Specify the required parameters in the following input files:

  • /opt/omnia/input/project_default/provision_config.yml

  • /opt/omnia/input/project_default/omnia_config_credentials.yml

  • /opt/omnia/input/project_default/software_config.json

  • /opt/omnia/input/project_default/storage_config.yml

  • /opt/omnia/input/project_default/omnia_config.yml

  • /opt/omnia/input/project_default/telemetry_config.yml

Caution

Do not remove or comment any lines in the above mentioned .yml files.

provision_config.yml

Parameter

Details

pxe_mapping_file_path

string

Optional

  • Enter the path where user has placed the PXE mapping CSV file that contains the node details for provisioning.

  • The file must follow the format: FUNCTIONAL_GROUP_NAME, GROUP_NAME, SERVICE_TAG, PARENT_SERVICE_TAG, HOSTNAME, ADMIN_MAC, ADMIN_IP, BMC_MAC, BMC_IP

  • This variable is required to discover nodes using a mapping file.

  • The headers of the .csv file are are FUNCTIONAL_GROUP_NAME, GROUP_NAME, SERVICE_TAG, PARENT_SERVICE_TAG, HOSTNAME, ADMIN_MAC, ADMIN_IP, BMC_MAC, BMC_IP

  • A sample file is provided here: /omnia/examples/pxe_mapping_file.csv

timezone

string

Required

Timezone to be used during OS provisioning. Available timezones are provided here.

Choices:

  • GMT <- default

  • EST

  • CET

  • MST

  • CST6CDT

  • PST8PDT

language

string

Required

Language to be used during OS provisioning.

Default value: en_US.UTF-8

default_lease_time

integer

Required

Default lease time for IPs assigned by DHCP. Range: 21600-86400

Default value: 86400

Note

The /opt/omnia/input/project_default/omnia_config_credentials.yml file is encrypted on the first execution of the discovery.yml or local_repo.yml playbooks.

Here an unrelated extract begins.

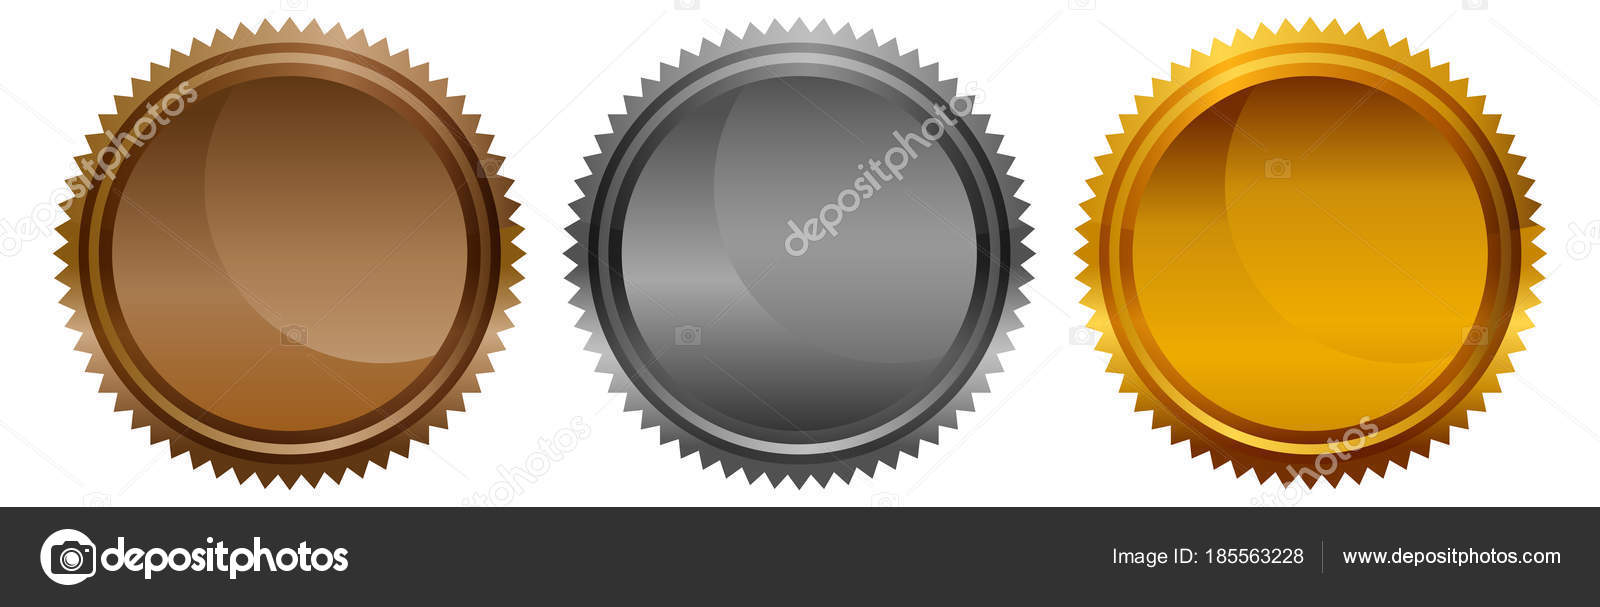 Leere Metall Bronze Gold Silber Stern Runde Münze Medaillen ...

  • To view the encrypted parameters:

    ansible-vault view omnia_config_credentials.yml --vault-password-file .omnia_config_credentials_key
    
  • To edit the encrypted parameters:

    ansible-vault edit omnia_config_credentials.yml --vault-password-file .omnia_config_credentials_key
    
software_config.json

Parameter

Mandatory/Optional

Details

cluster_os_type

Mandatory

  • Type: string

  • Specify the operating system running on the OIM and the one to be provisioned on the compute nodes.

  • Accepted value: rhel

cluster_os_version

Mandatory

  • Type: string

  • The OS Version that will be provisioned on compute nodes.

  • Accepted value: 10.0.

repo_config

Mandatory

  • Type: string

  • Omnia sets up a local Pulp repository on the OIM and downloads all the necessary packages or images for the cluster into this repository. The behavior of the Pulp container varies depending on the value of the repo_config parameter.

  • In case of always, packages are downloaded and cached on OIM during local_repo.yml execution; compute nodes get the packages from OIM. Caching these packages allows them to be reused in future operations without needing to download them again.

  • In case of partial, packages are not pre-downloaded or cached. OIM downloads from upstream URLs when needed.

  • Accepted value: always, partial

  • Default value: always

Note

The following packages will always be downloaded from the local Pulp repository, regardless of the value of repo_config:

  • ISOs

  • pip modules

  • manifests

  • tarballs

  • container images

softwares

Mandatory

  • Type: JSON list

  • A JSON list of required software with the software version (optional) and architecture type aarch64, x86_64 or both. This field is mandatory.

  • The following software should be listed with a version in the list: OpenLDAP, NFS, Slurm, service_k8s, utils, ucx, openmpi.

  • A minimum of one software should be provided in the list for local_repo.yml to execute correctly.

  • The software_config.json will have the basic softwares present in it. To add additional software stacks, add the software under /opt/omnia/input/project_default/software_config.json.

  • For the list of all applicable softwares based on your <cluster_os_type>, see the templates at examples/template_<os>_software_config.json. For example, /omnia/examples/rhel_software_config.json

Note

The accepted names for software are taken from /opt/omnia/input/project_default/config/<architecture>/<cluster_os_type>/<cluster_os_version>.

storage_config.yml

Variables

Details

s

nfs_client_params

List (dict)

Required

  • This is a list of dictionaries.

  • nfs_name—Provide the name of the NFS share which is referred by slurm and service kubernetes.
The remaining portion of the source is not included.